Write out the listing below exactly, beginning at its first line and ending with the line that contains "Bruce's show".

--

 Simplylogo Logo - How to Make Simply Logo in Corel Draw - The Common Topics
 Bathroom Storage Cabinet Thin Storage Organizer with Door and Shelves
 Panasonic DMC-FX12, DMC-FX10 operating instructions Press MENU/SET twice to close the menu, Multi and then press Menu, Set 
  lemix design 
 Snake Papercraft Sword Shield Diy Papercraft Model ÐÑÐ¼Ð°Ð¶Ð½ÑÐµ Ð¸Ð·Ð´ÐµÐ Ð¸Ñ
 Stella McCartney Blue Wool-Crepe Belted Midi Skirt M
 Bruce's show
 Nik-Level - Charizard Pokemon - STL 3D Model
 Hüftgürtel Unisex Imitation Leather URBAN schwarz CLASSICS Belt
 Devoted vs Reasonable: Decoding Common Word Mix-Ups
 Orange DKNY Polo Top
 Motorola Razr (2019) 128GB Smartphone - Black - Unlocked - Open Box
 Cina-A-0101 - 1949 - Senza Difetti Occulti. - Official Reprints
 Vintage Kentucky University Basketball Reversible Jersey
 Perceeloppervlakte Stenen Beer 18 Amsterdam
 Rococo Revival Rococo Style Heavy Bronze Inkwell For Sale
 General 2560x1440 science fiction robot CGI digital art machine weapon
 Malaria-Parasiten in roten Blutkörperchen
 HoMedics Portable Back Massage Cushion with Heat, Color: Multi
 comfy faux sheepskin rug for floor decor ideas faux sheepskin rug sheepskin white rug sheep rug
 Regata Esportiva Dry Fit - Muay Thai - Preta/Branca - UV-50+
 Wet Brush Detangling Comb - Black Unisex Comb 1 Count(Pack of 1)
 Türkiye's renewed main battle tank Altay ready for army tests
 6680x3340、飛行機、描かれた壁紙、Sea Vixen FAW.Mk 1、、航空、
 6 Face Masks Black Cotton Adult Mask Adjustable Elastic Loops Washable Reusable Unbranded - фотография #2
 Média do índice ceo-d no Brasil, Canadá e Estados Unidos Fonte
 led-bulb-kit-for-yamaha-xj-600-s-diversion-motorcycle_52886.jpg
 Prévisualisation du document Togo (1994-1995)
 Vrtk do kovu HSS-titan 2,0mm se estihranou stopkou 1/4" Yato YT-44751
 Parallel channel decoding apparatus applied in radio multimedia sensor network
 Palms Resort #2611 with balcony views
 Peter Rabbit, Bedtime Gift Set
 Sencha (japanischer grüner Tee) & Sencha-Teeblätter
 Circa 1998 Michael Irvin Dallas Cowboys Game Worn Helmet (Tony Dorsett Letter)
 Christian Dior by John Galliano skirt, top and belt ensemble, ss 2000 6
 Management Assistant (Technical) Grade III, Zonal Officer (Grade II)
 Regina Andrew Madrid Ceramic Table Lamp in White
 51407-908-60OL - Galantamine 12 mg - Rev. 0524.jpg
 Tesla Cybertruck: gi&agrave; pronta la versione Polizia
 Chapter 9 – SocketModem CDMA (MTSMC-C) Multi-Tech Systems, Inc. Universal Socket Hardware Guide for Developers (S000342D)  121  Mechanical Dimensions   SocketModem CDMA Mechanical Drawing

--

▶ Response to this task
 Simplylogo Logo - How to Make Simply Logo in Corel Draw - The Common Topics
 Bathroom Storage Cabinet Thin Storage Organizer with Door and Shelves
 Panasonic DMC-FX12, DMC-FX10 operating instructions Press MENU/SET twice to close the menu, Multi and then press Menu, Set 
  lemix design 
 Snake Papercraft Sword Shield Diy Papercraft Model ÐÑÐ¼Ð°Ð¶Ð½ÑÐµ Ð¸Ð·Ð´ÐµÐ Ð¸Ñ
 Stella McCartney Blue Wool-Crepe Belted Midi Skirt M
 Bruce's show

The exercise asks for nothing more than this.